If you are in the “range,” you can still contribute, but with limitations. For example, if you're married and your joint household income is $135K (the middle of the range), you can contribute to a Traditional IRA and get a partial tax deduction. If you want to contribute to a Roth IRA instead, you are eligible if your combined MAGI is below $246K, but your eligible contribution is reduced if it’s in the phase-out range.
If you exceed the MAGI maximum, you are out of luck EXCEPT you are still eligible to make non-deductible Traditional IRA contributions (that option also exists for 401k-type accounts). You do so with after-tax money (like contributing to a Roth, but you don't get a tax deduction), and the funds can grow tax-deferred (also like a Roth).
There is a wrinkle—you will have to pay taxes on it when you withdraw, just like you would a deductible Traditional IRA. That way, a non-deductible Traditional IRA is more like a taxable brokerage account than a deductible Traditional IRA or a Roth IRA.
The primary advantage of the non-deductible Traditional IRA is that you can do a "Backdoor Roth IRA." The strategy is called the "Backdoor Roth Conversion." Because the contribution limits apply to high-income earners, many of you may not have any reason to do a "backdoor Roth," at least not yet. But it might still be a good idea to be aware of it; perhaps it will come in handy one day. So, here is how to do it:
Step one: Make a non-deductible Traditional IRA contribution. For 2025, you can contribute $7,000. Your brokerage won't know that it's non-deductible; that is determined when you file your taxes the following April. That is simply a Traditional IRA contribution that you will not get a tax break on. You are essentially putting after-tax (rather than pre-tax) money into a Traditional IRA.

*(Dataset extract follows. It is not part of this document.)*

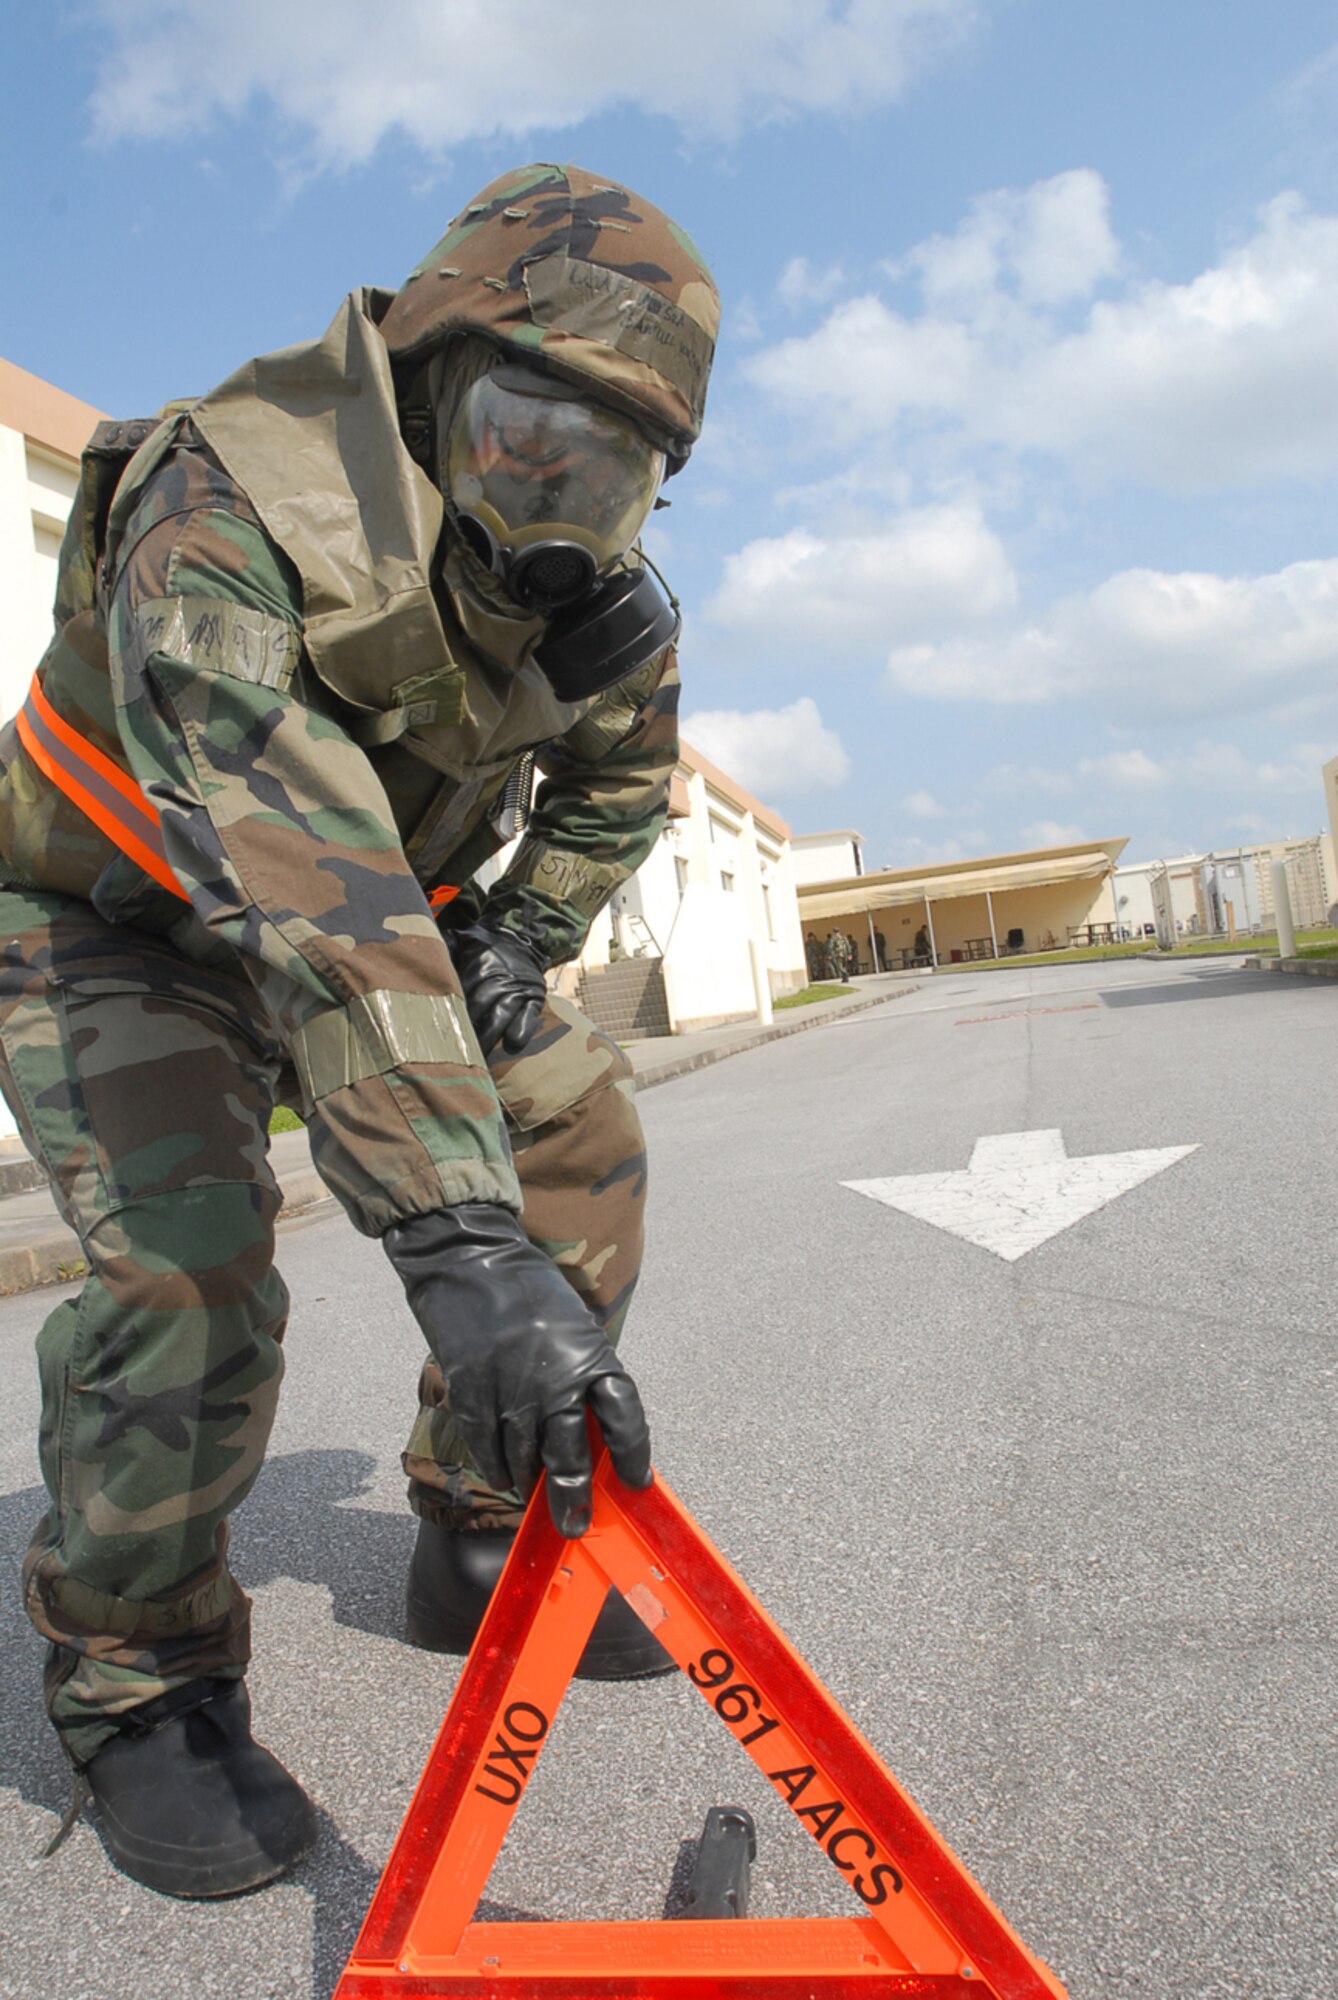 Senior Airman Samuel Wager, 961st Airborne Air Control Squadron, uses an unexploded ordinance sign to mark of the perimeter of a simulated UXO during local operational readiness exercise Beverly High 08-4 at Kadena Air Base, Japan, Feb. 15, 2008. The 18th Wing conducted the exercise from Feb. 10 to 15 to test Airmen's ability to respond in contingency situations. (U.S. Air Force photo/Senior Airman Darnell T. Cannady)

Step two: Choose a safe investment like a money market fund when making your (non-deductible) Traditional IRA contribution. Once the transfer is completed and you hold the money market fund in your (non-deductible) Traditional IRA, convert the balance to a Roth IRA. If you convert immediately after the initial account funding, you will owe very little in taxes. Some people like to wait a few days before converting.
Step three: Request your brokerage to make the Roth conversion. (You'll need a Roth account available to accept the funds.) Once you do the conversion, you have completed the " backdoor Roth IRA contribution" and can invest in whatever you want. However, if you have outstanding Traditional IRAs, this will complicate the tax reporting. Therefore, doing this in a Traditional IRA with a zero balance is best.

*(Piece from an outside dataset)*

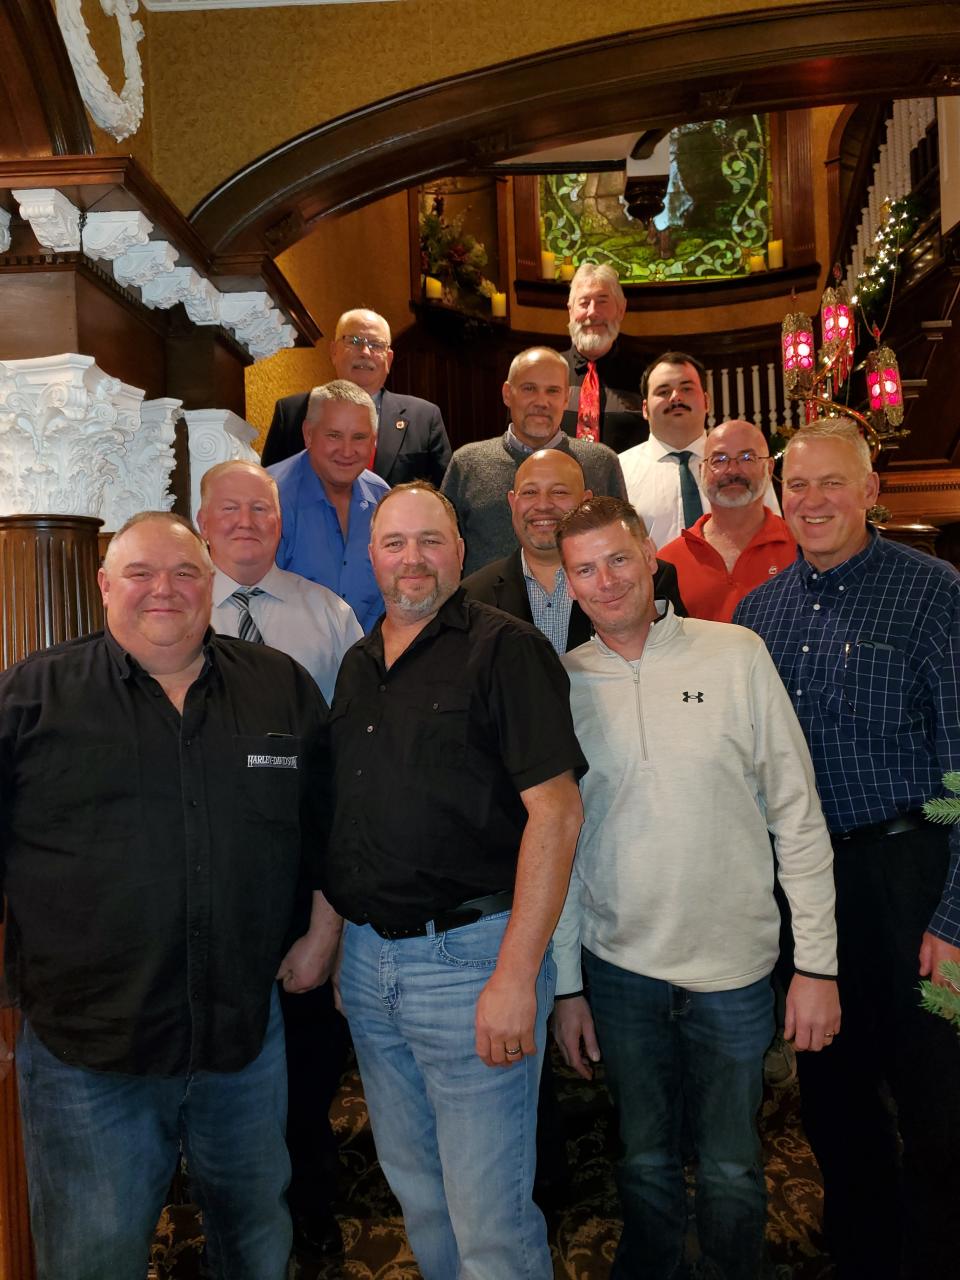 Members of the Mahoning County Fire Chiefs Association gathered Friday, Dec. 2, 2022, at the Sebring Mansion Inn and Spa for the group's annual meeting and Christmas Party.

Step four: You must complete a special form (IRA Form 8606) when tax time rolls around. It's relatively simple, and if you use tax software, it will do it for you automatically. When entering a backdoor Roth in tax software, report the (non-deductible) Traditional IRA contributions, then report the conversion. That is a little out of sequence regarding how most tax programs work, but doing so will help prevent reporting problems.
For reflection: This article is unique because it mainly applies to high-income earners. As I said early on, this may not apply to you—not yet, anyway—but it might someday. How would you describe your heart attitude toward earning more money? Needing (or wanting) more income isn’t a sin, but wanting more and more because more is never enough could be. When someone asked billionaire John Rockefeller how much “enough” is, he replied, “just one dollar more.” Contentment is a key character trait when it comes to money; consider that when you think of what is “enough” for you. (We’ll talk more about contentment when discussing consumption and spending.)
Verse: “But godliness with contentment is great gain” (1 Timothy 6:6, ESV).